Stored data:

· · · · ·

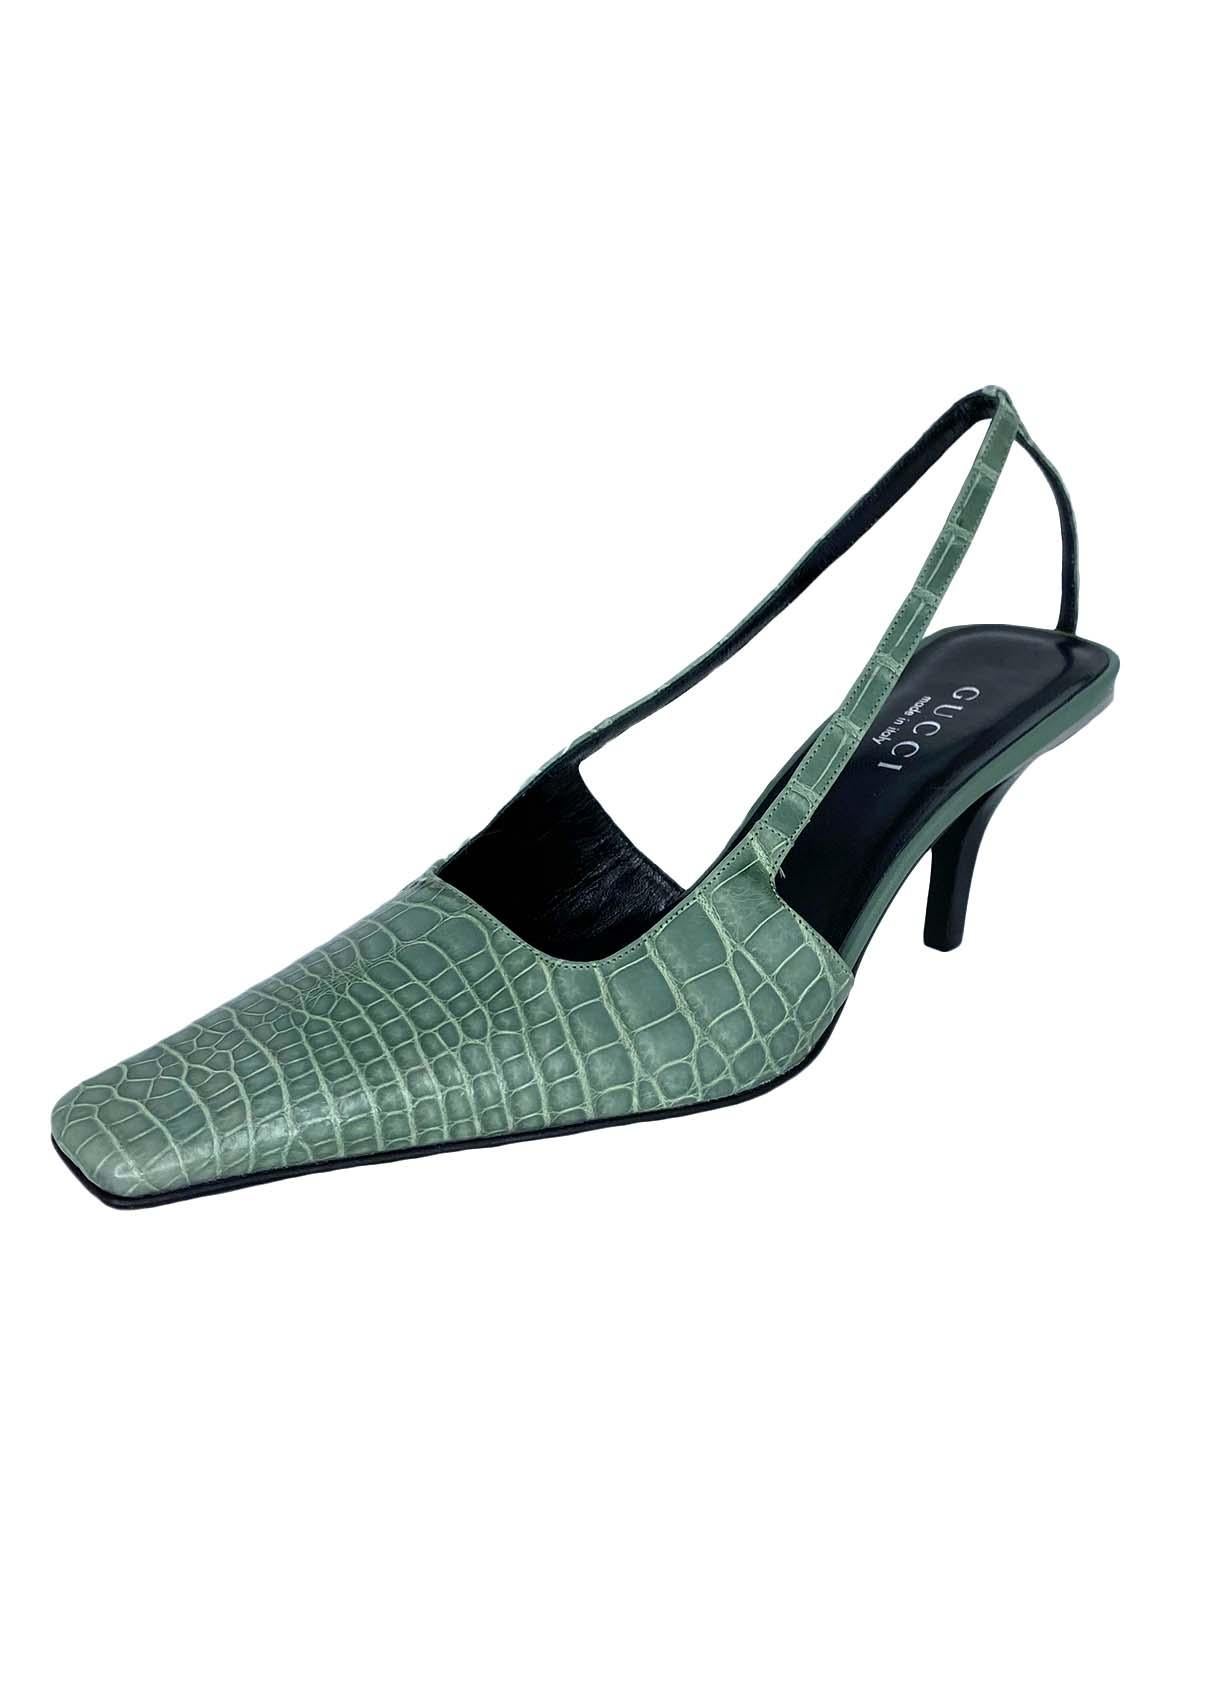 tom ford green heels
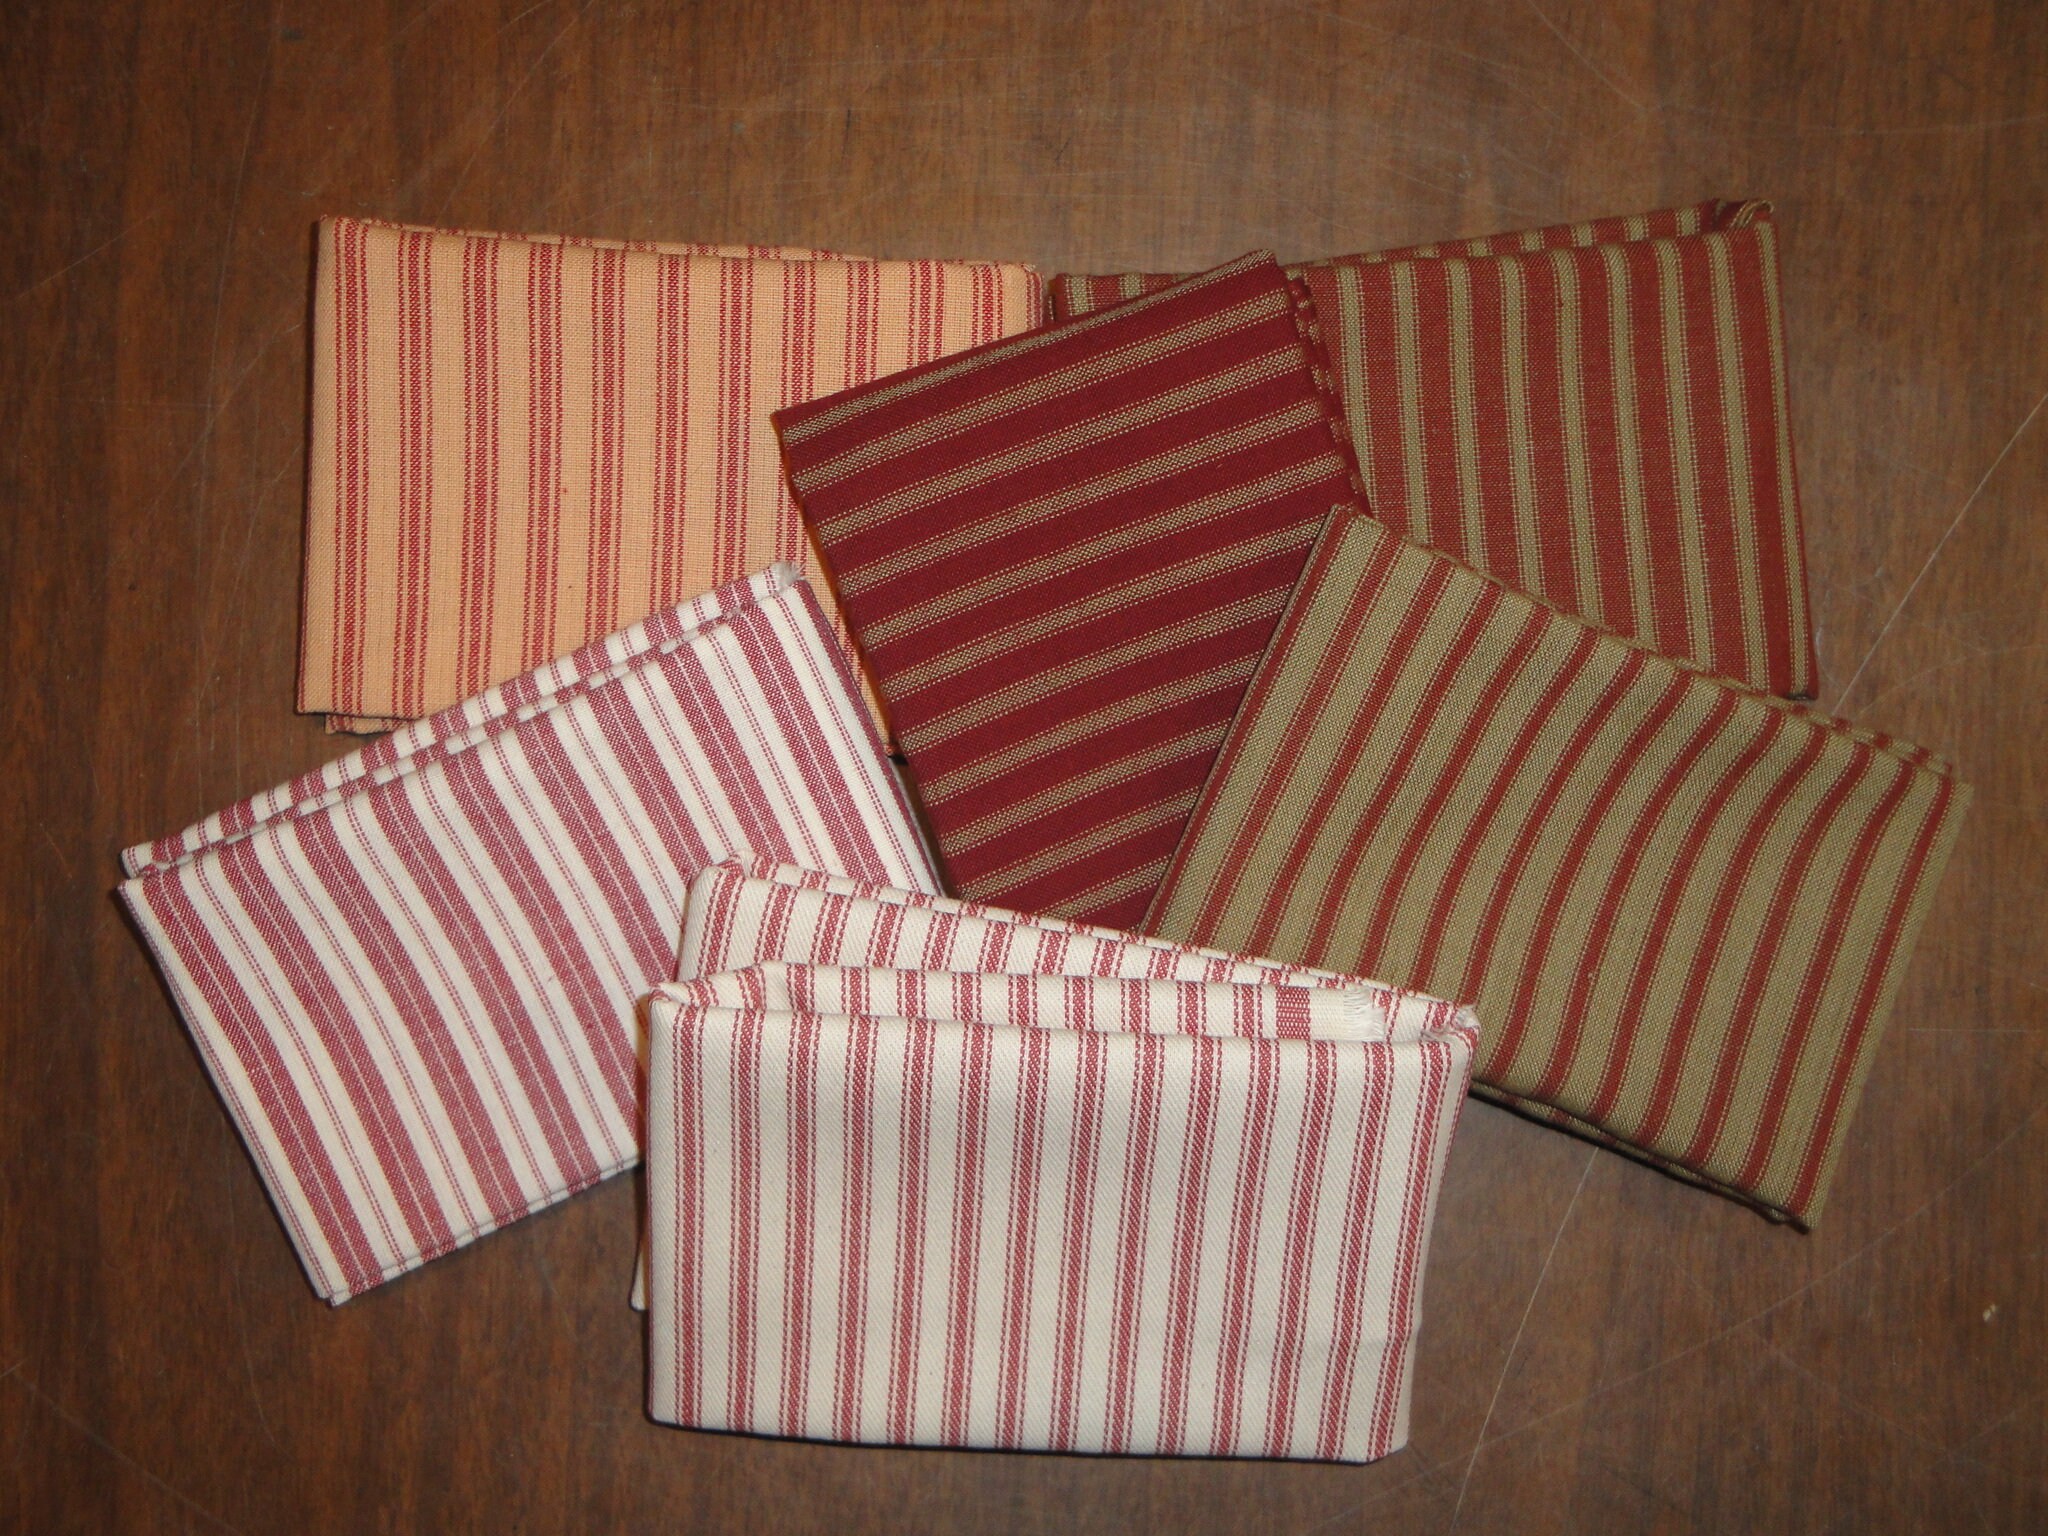 Red Stripe Homespun Ticking Fabric Sold By The yard - Kittredge Mercantile
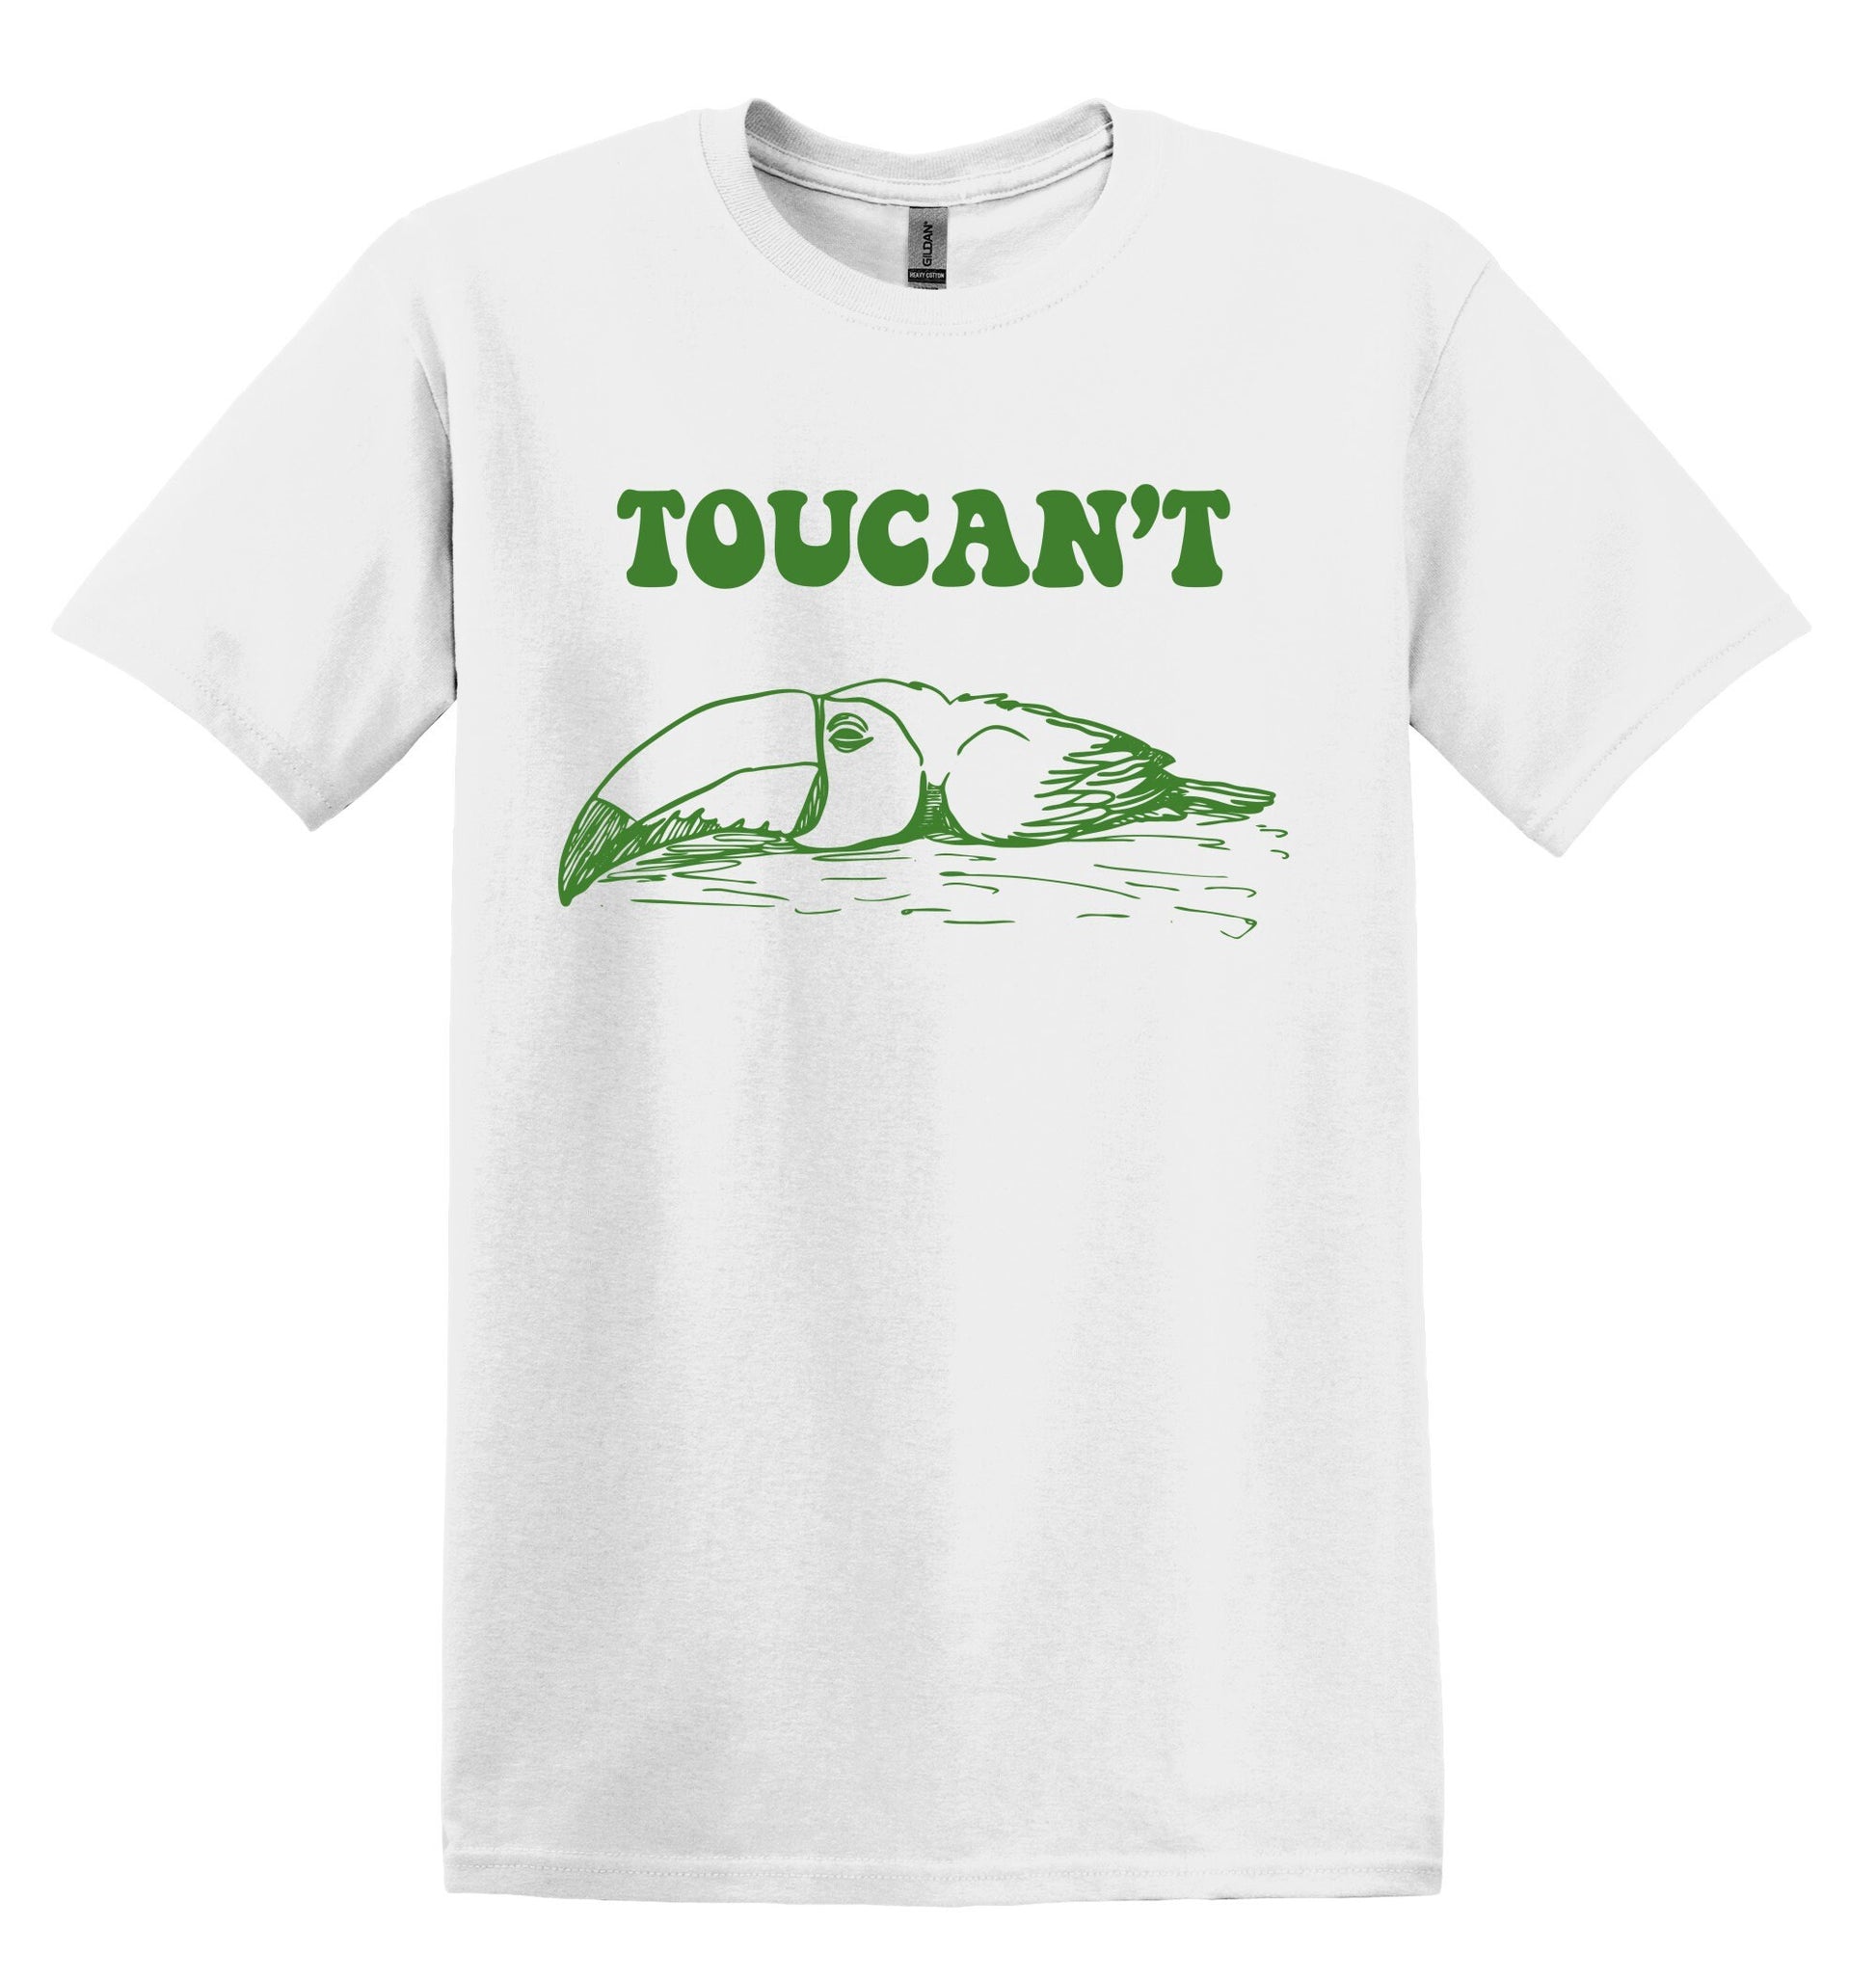 Toocan't Funny Shirt Graphic Shirt Funny Vintage Adult Funny Shirt Nostalgia Shirt Cotton Shirt Minimalist Shirt Minimalist Shirt Gag Shirt

· · · · ·

Work instructions:
The listing above should be returned word for word, with pictures omitted.

Final answer:
 tom ford green heels
 Red Stripe Homespun Ticking Fabric Sold By The yard - Kittredge Mercantile
 Toocan't Funny Shirt Graphic Shirt Funny Vintage Adult Funny Shirt Nostalgia Shirt Cotton Shirt Minimalist Shirt Minimalist Shirt Gag Shirt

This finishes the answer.